В промороженных ветвях слышалось пение - тонкий протяжный звук, похожий на вой ветра. Из прохудившегося кожаного мешка, привязанного к лиственнице, торчали жёлто-коричневые костяшки и обындевелые пряди. Ветер наматывал волосы на чёрные загнувшиеся ногти.

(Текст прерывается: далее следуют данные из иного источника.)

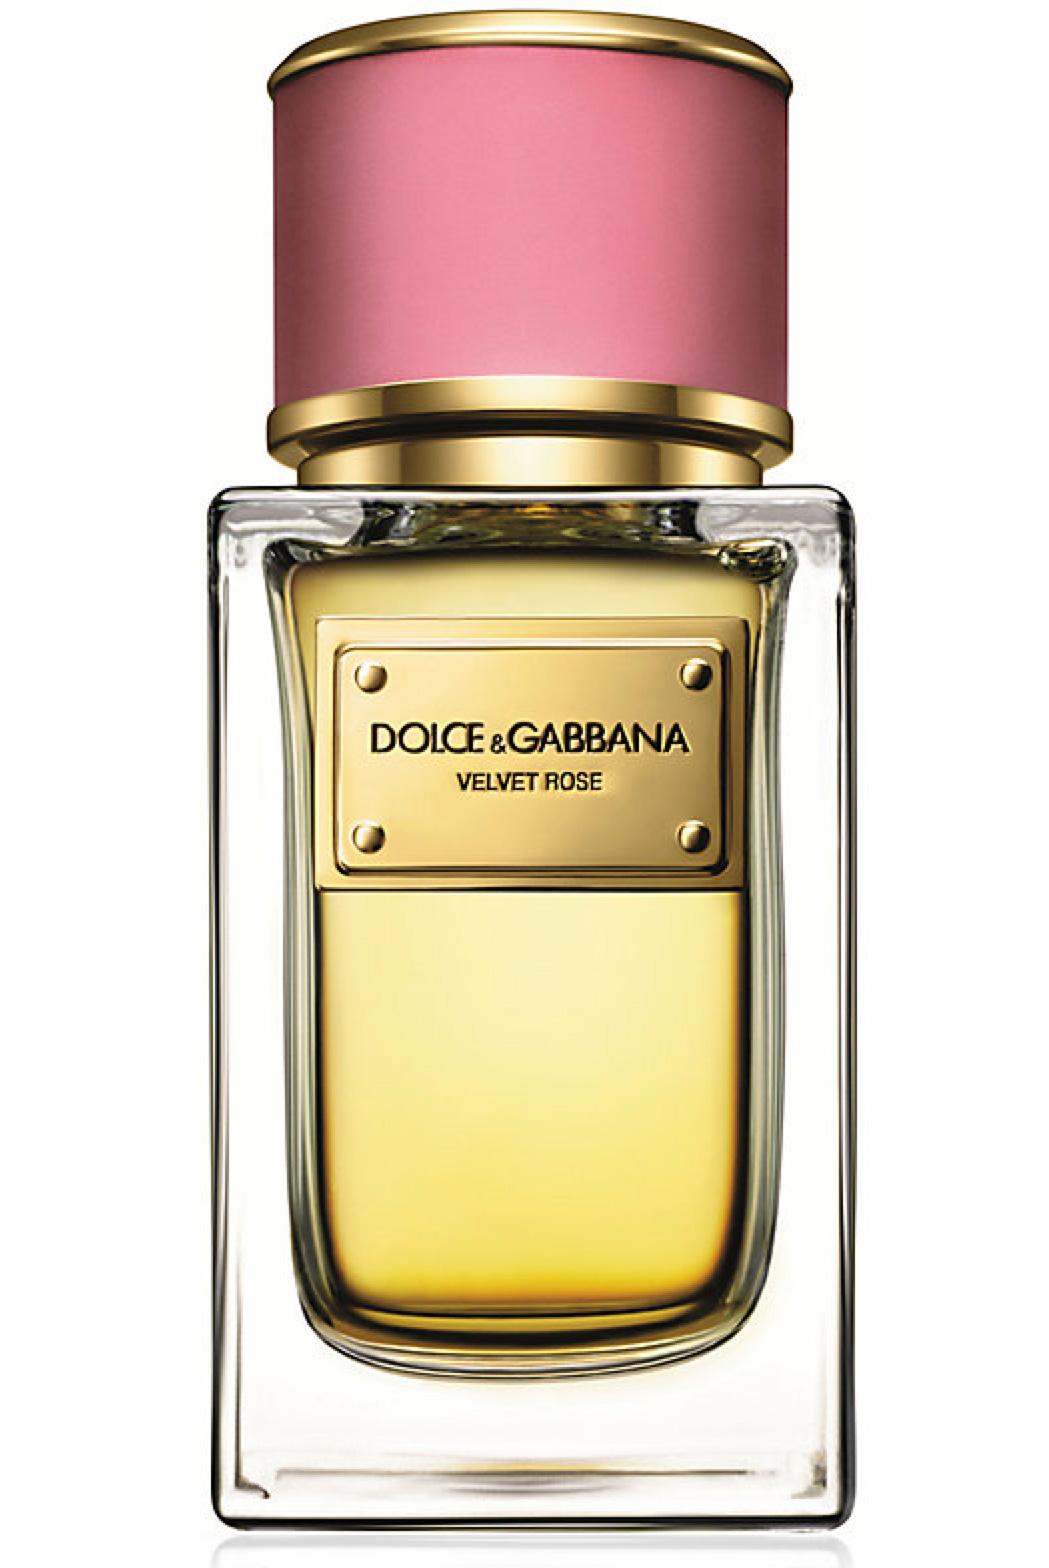 Dolce & Gabbana Velvet Rose parfémovaná voda 50 ml TESTER

Если бы кто-то рискнул подойти к могильному дереву, то сказал бы: шаманка Олгы косы заплетает, духов зовёт, жениха приваживает. А может, так и было на самом деле. Заскучала Олгы без мужчины, иссохло и потрескалась её лоно, стало ломким, как кора дерева. Но в мёртвой плоти таилось желание. Вот и голосила Олгы в надежде, что услышит её путник.

У обглоданного ветрами, чёрного ствола лиственницы -- сугроб. Только по весне, к концу мая, он потёмнеет и просядет. Обнажится прах тех, кто утешал Олгы долгими зимами, отдавал ей тепло своих жизней, веселил гаснувшим стуком сердец, щекотал затухавшим дыханием. Сколько их, женихов, сюда приходило? Наверное, сама Олгы не знает. Нет толку считать кости. Живой, горячий нужен. Чтобы пылкое мужское естество напитало недвижную Олгы жизнью.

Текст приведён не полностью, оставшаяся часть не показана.